My book is called Taming Complex Software. What's that all about? In this episode, I go into why complexity is a major problem and how functional programming can help.

Transcript

Eric Normand: Why would we want to tame complex software? My name is Eric Normand, and I help people thrive with functional programming. I'm writing this book, as you may know.

The title was chosen for me by my publisher. They work with a lot of books, a lot of titles, so they know what does well. I didn't have a better idea than this.

They used a lot of elements from what I was thinking for a title. The title is "Taming Complex Software — A Friendly Guide to Functional Thinking." A couple episodes ago, I talked about what functional thinking meant, and why I like the term.

I didn't choose it, but I like it. It's grown on me since they chose it.

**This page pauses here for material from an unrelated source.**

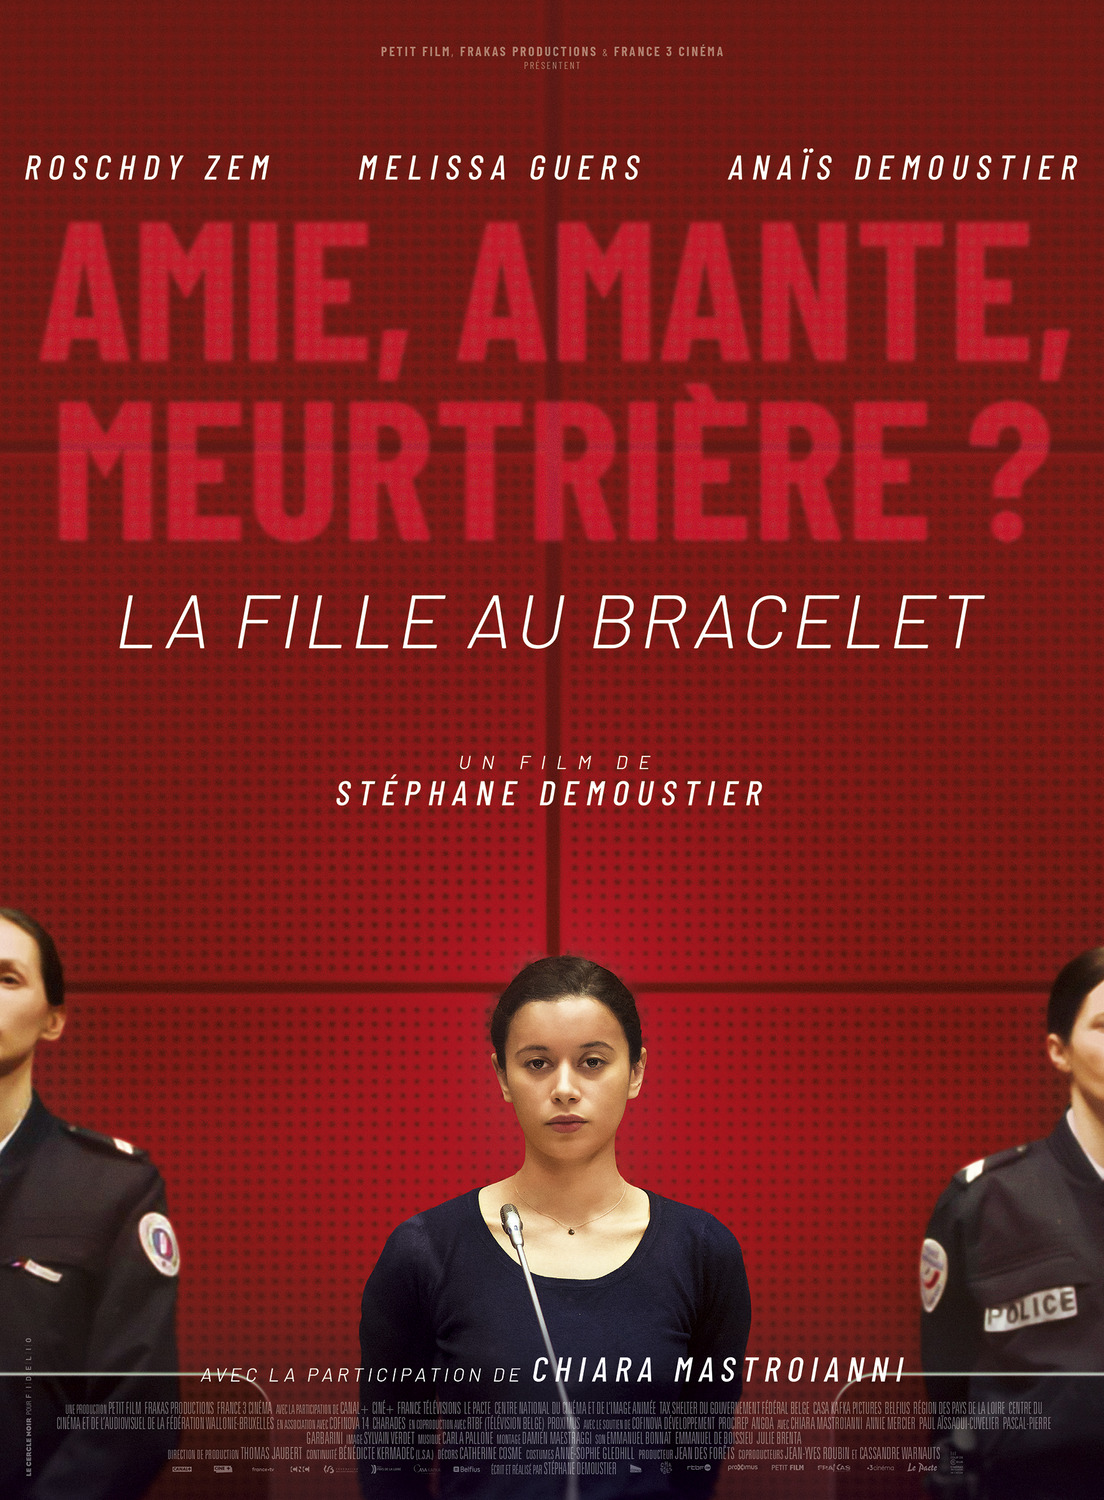 Extra Large Movie Poster Image for La fille au bracelet 
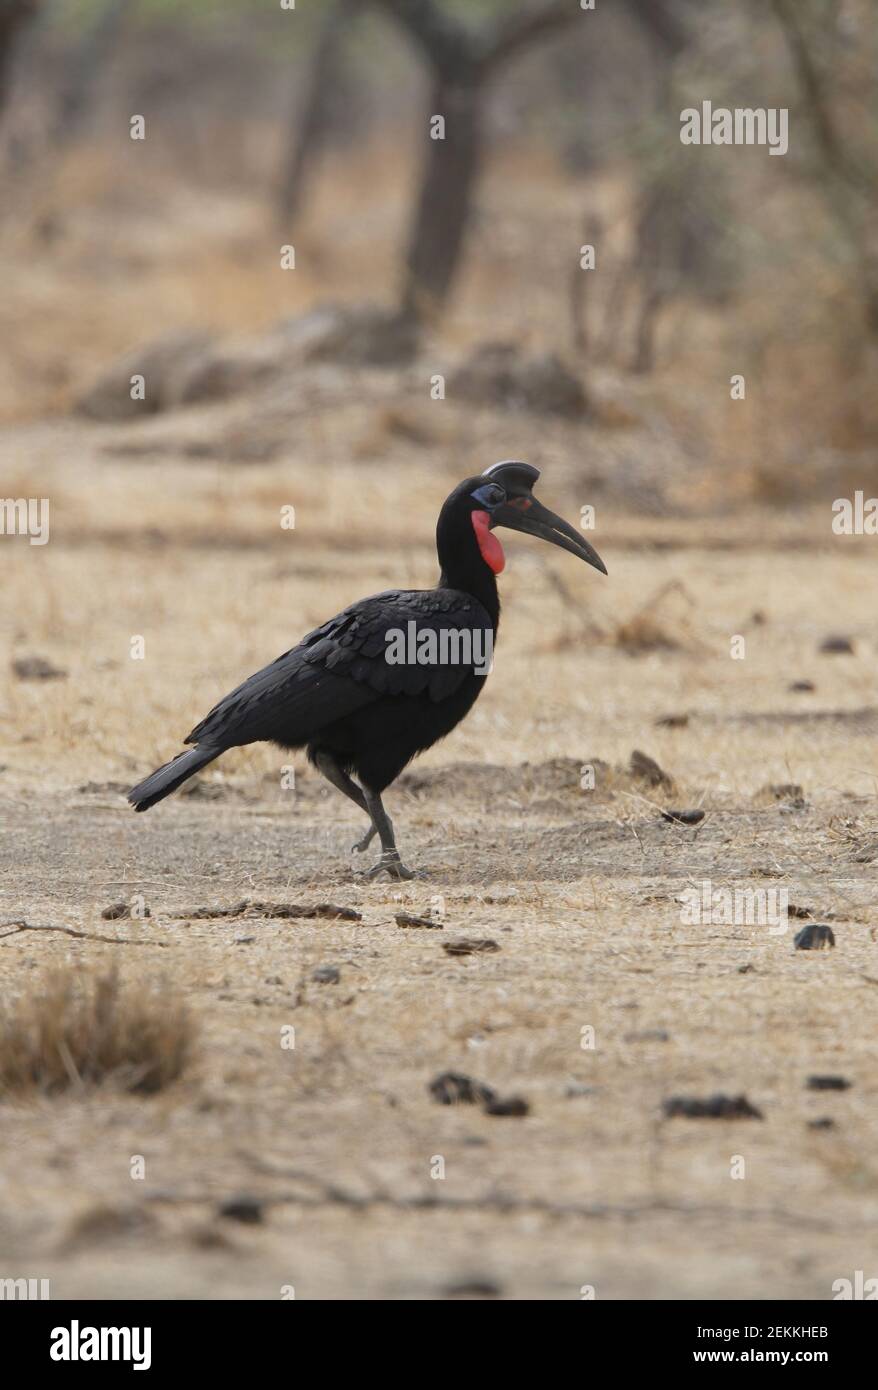 Nördlicher Erdhornvogel (Bucorvus abyssinicus) Erwachsene Männchen wandern durch trockenes Grasland Äthiopien April Stockfoto

I want to talk about this idea of taming complex software and what that really means, what it has to do with functional programming. Why is that the title of the book? This was actually something I came up with early, early in our discussions, my discussion with the publisher.

They do this really cool exercise and they said, "Why don't you write down the super-secret subtitle of the book? It doesn't even have to make any sense. It doesn't have to be coherent. It doesn't have to be catchy, but just write down the subtitle of the book and the title."

The title and subtitle. I came up with "Taming Software Complexity" as one of the phrases.

They chewed on that for a while. They liked it, but they changed it to Taming Complex Software. I think that there was some issue with "complexity" being complexity theory and I was not going to go there in the book and so they turned it into Taming Complex Software. I still like Taming Complex Software.

It probably makes more sense, even though I think of myself as going directly at the complexity. I think that I am operating on the software, and the software is what's getting tamed, so it makes a lot of sense.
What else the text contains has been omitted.